Я поражалась тому, как учитель спокойно уходит от агрессивных выпадов Виллара. Как удерживается от перепалки и говорит как бы одновременно со всеми. Он вызывал у меня уважение, а Виллар — лишь презрение.

Выскочка, которому не терпится показать себя. Совершенно незрелый ребёнок. Невыносимый… виртуоз.

— В основе научной дисциплины должно лежать нечто принципиально познаваемое и подлежащее анализу, — говорил Виллар; он утратил-таки самообладание, и ментомы злости, досады, раздражения повалили валом. — В противном случае, сколько бы мы ни навертели поверх логических построений, алогичное начало сведёт всё к нулю. Это — не наука!

— Это — не наука, — согласился учитель. — Это — техника безопасности, следование которой поможет вам сохранить разум и жизнь.

— Чем же создаваемые нами миры отличаются от настоящих? От нашего полудохлого мира? — выкрикнул Виллар.

Учитель впервые показал ментому. Добродушной насмешки, принятой внутри своей пятёрки:

— Тем, что они — не настоящие, Виллар. Сядь, пожалуйста. Сорвав лекцию, ты не добьёшься ничего, кроме очередного взыскания.

11. Семя Мира

После перепалки с учителем Виллар замолчал.

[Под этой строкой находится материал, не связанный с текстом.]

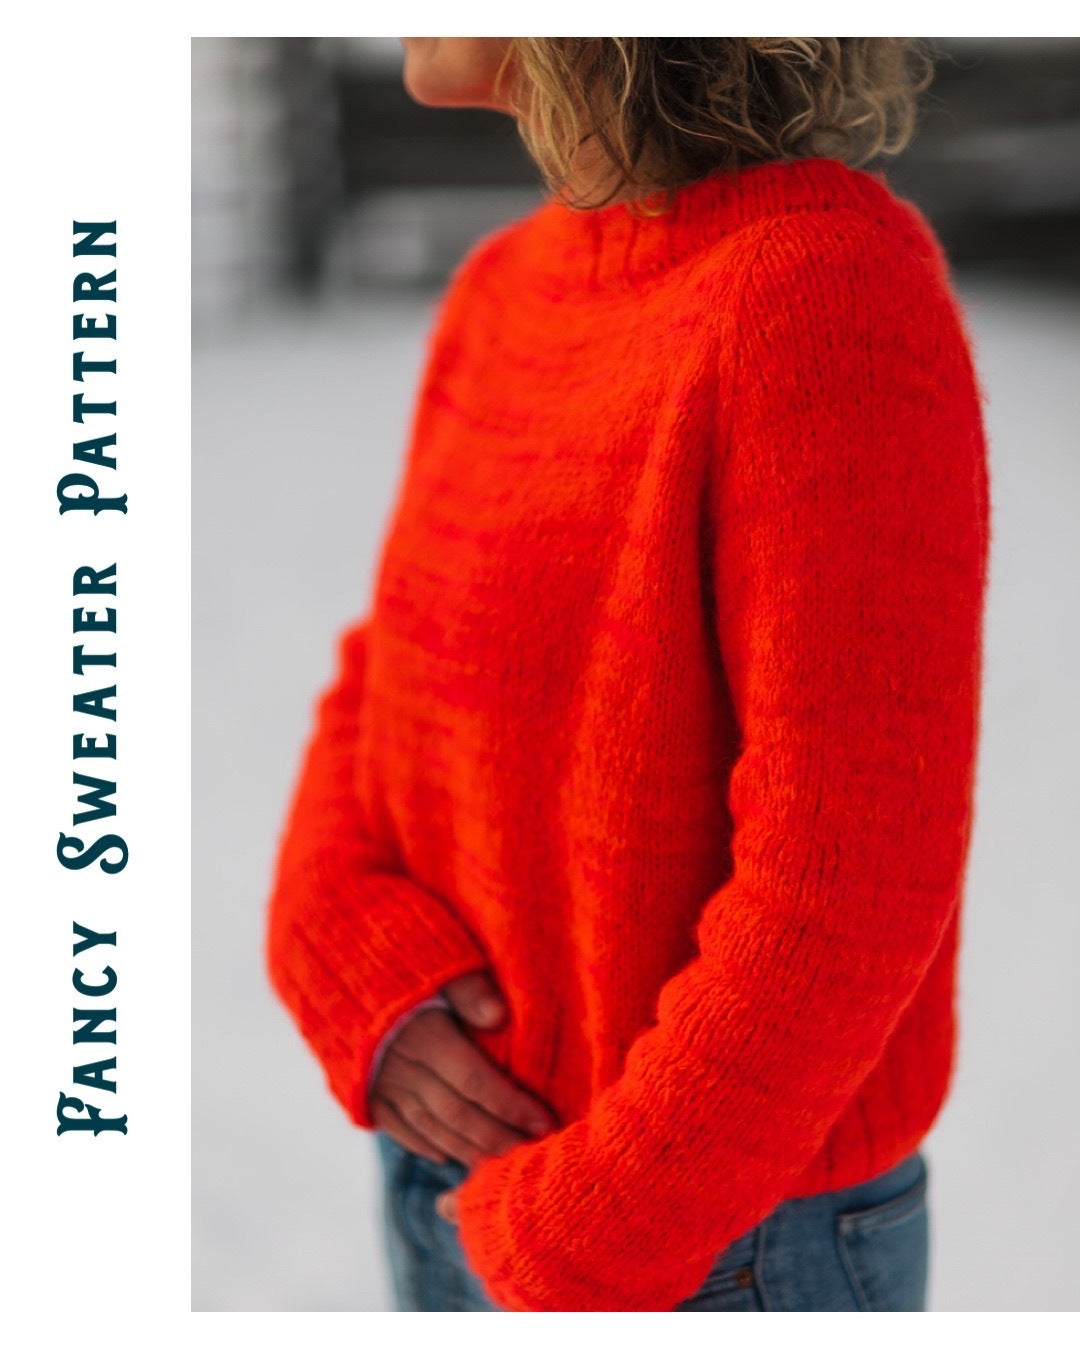 Fancy Sweater Pattern – The Lamb & Kid

Не просто физически — казалось, он замолчал где-то глубоко внутри себя.

Я поняла это, потому что сама часто так закрывалась, пряча мысли и чувствадаже от себя, выставляя на поверхность лишь белую ментому, создающую иллюзию, будто мир — простая и весёлая штуковина, находиться в которой — одно удовольствие.

Пожалуй, я могла бы ему посочувствовать и даже постараться понять, но мне этого совершенно не хотелось. Виллар — высокомерный, незрелый. И он совершенно не задумывается о чувствах других. Он оскорбляет просто так, по́ходя, даже сам этого не замечая.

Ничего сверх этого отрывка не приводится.